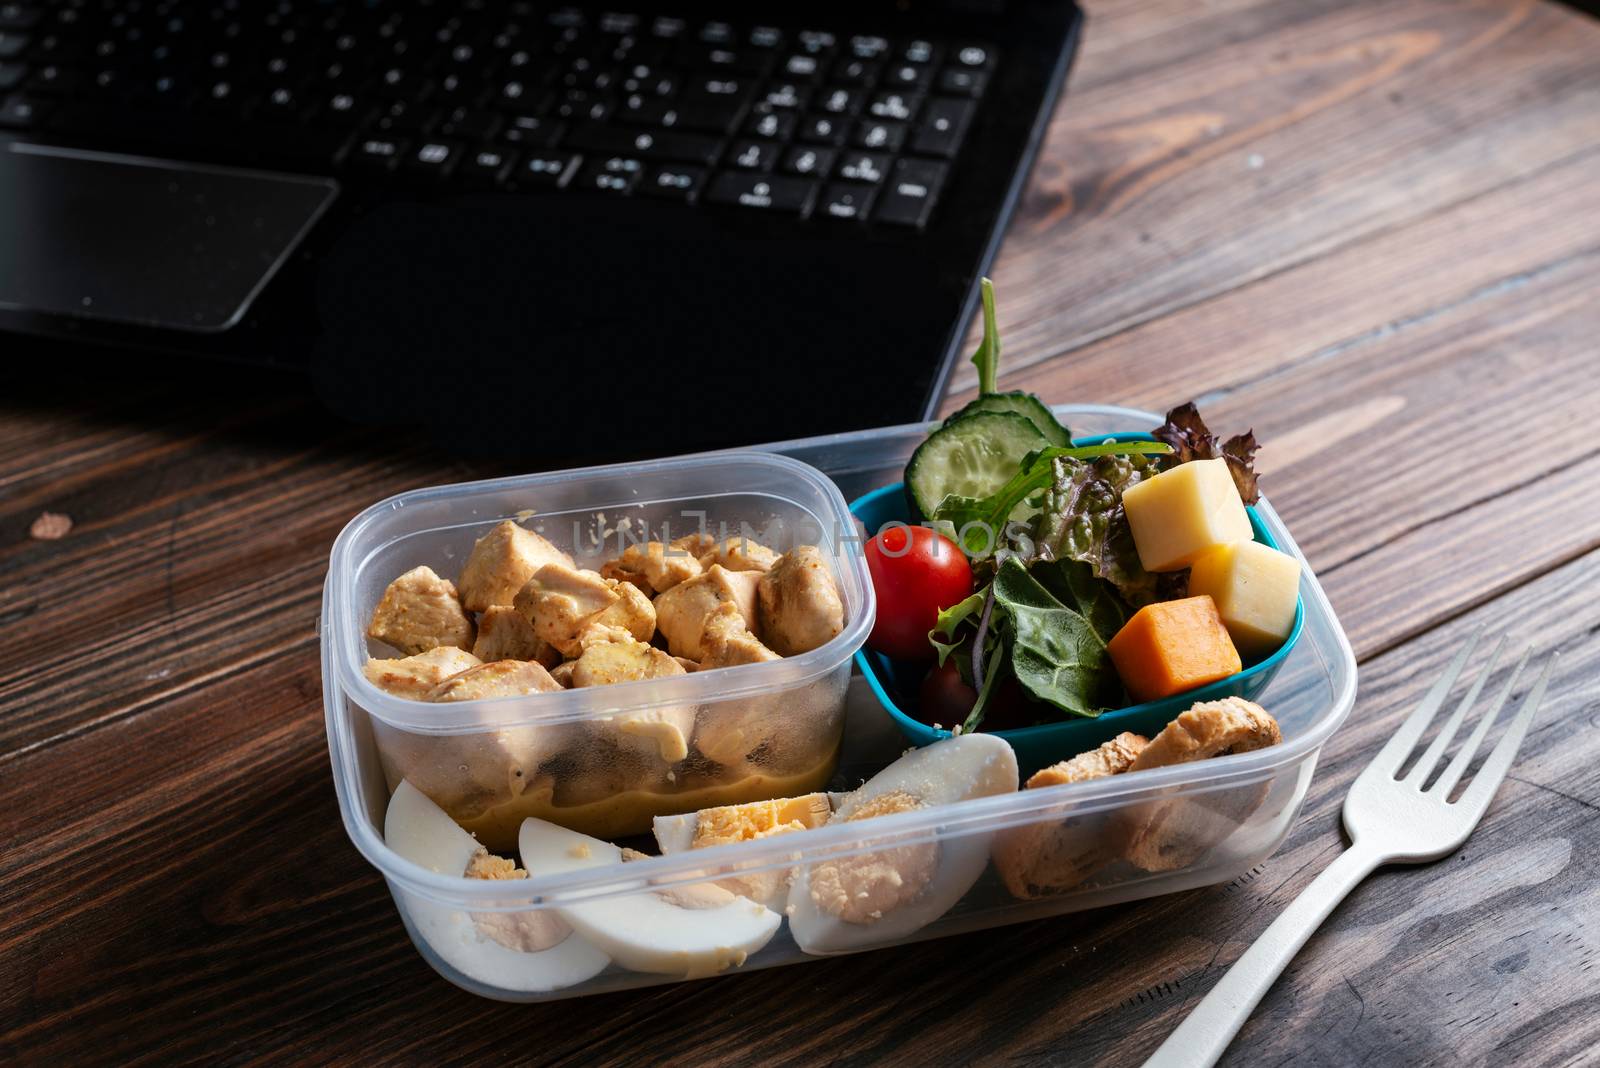 Healthy food in lunch box, on working table with laptop .eating at workplace. Home food for office concept 
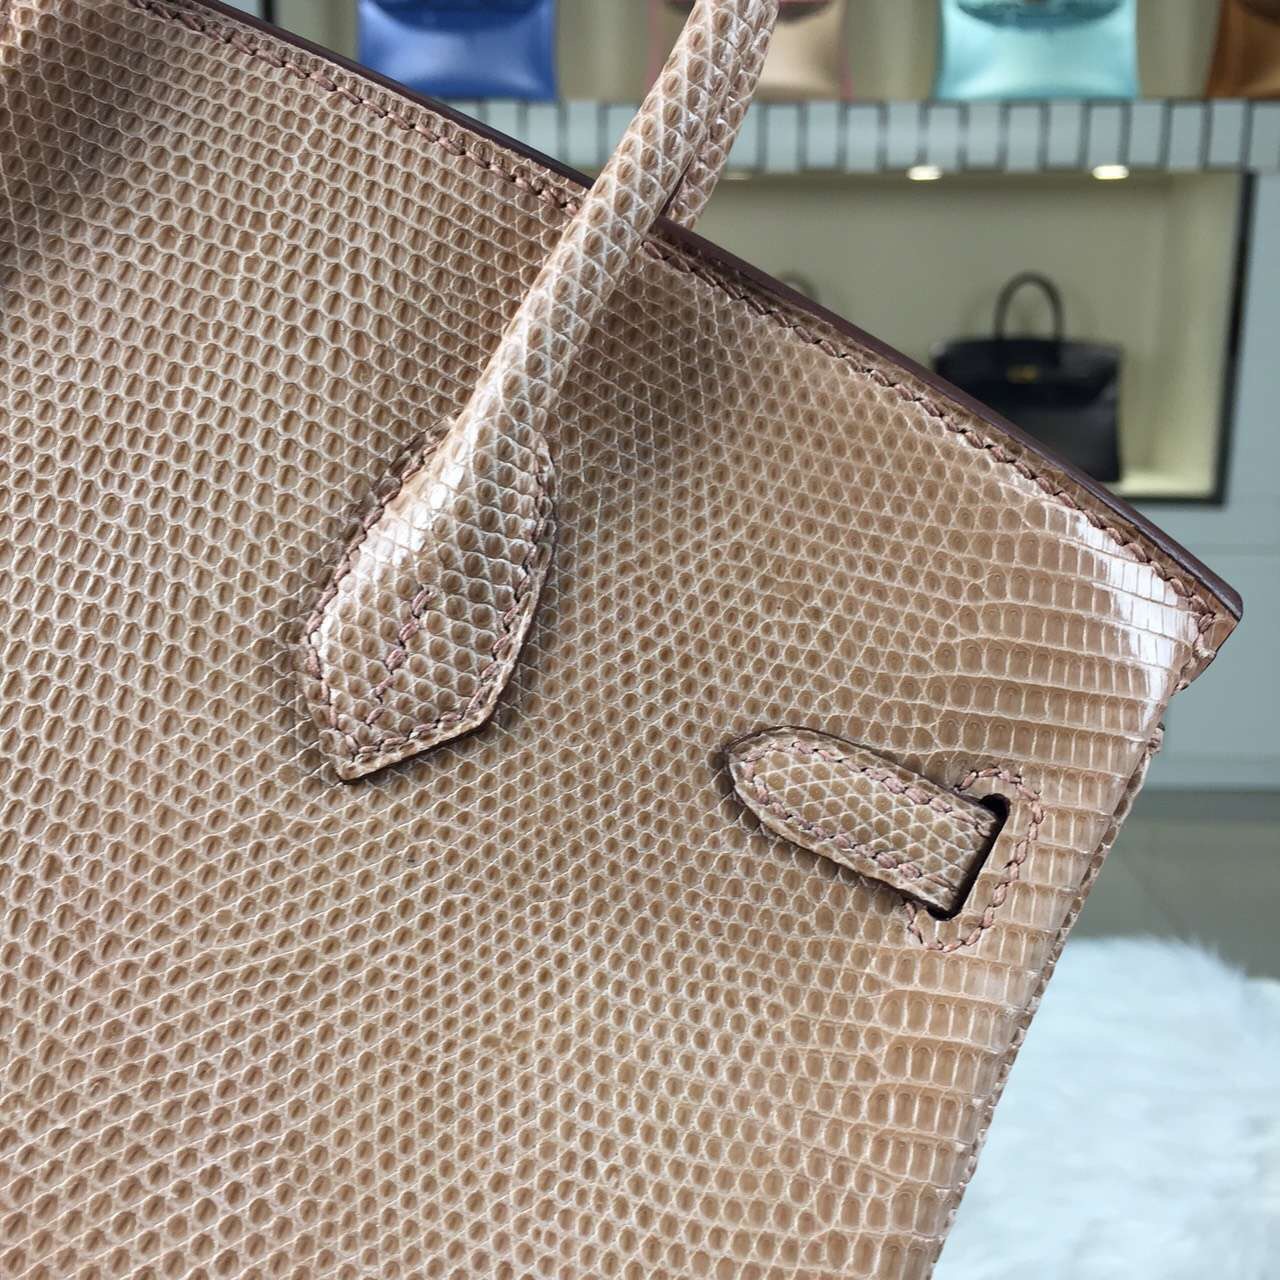 Hermes Customised France Imported Lizard Leather Birkin Bag30cm in Apricot
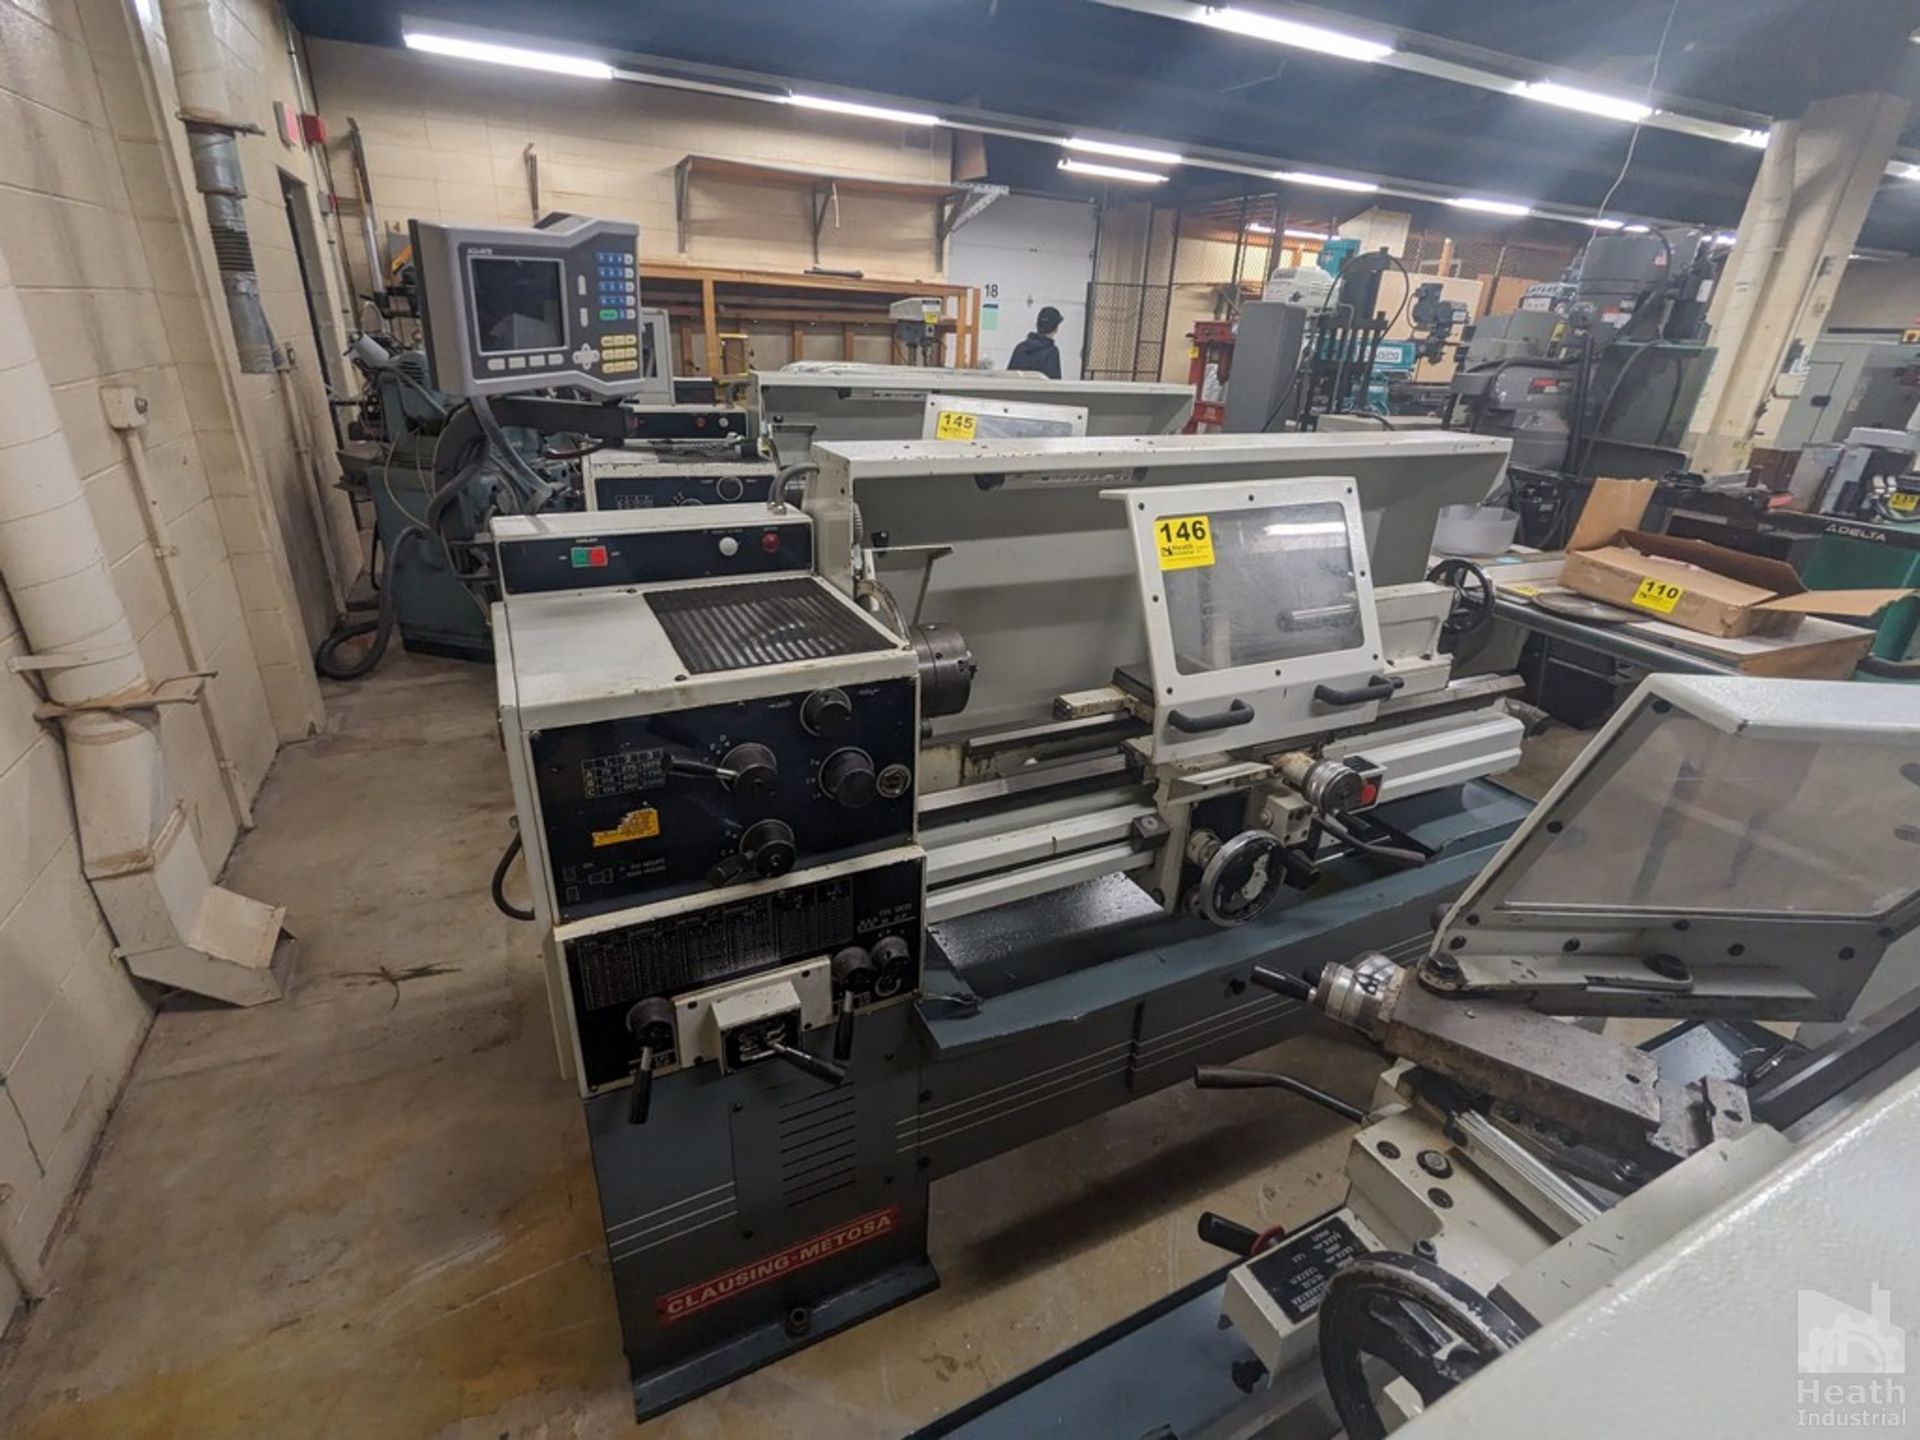 CLAUSING-METOSA 13"X40" MODEL 1340S TOOLROOM LATHE, S/N 49908. 2500 SPINDLE RPM, WITH 6" 3-JAW
------------------------------------------------------------
■ Task objective ■
Your copy should match the data exactly, apart from the images, which are dropped.

■ Problem solution ■
 Healthy food in lunch box, on working table with laptop .eating at workplace. Home food for office concept 
 Hermes Customised France Imported Lizard Leather Birkin Bag30cm in Apricot
 CLAUSING-METOSA 13"X40" MODEL 1340S TOOLROOM LATHE, S/N 49908. 2500 SPINDLE RPM, WITH 6" 3-JAW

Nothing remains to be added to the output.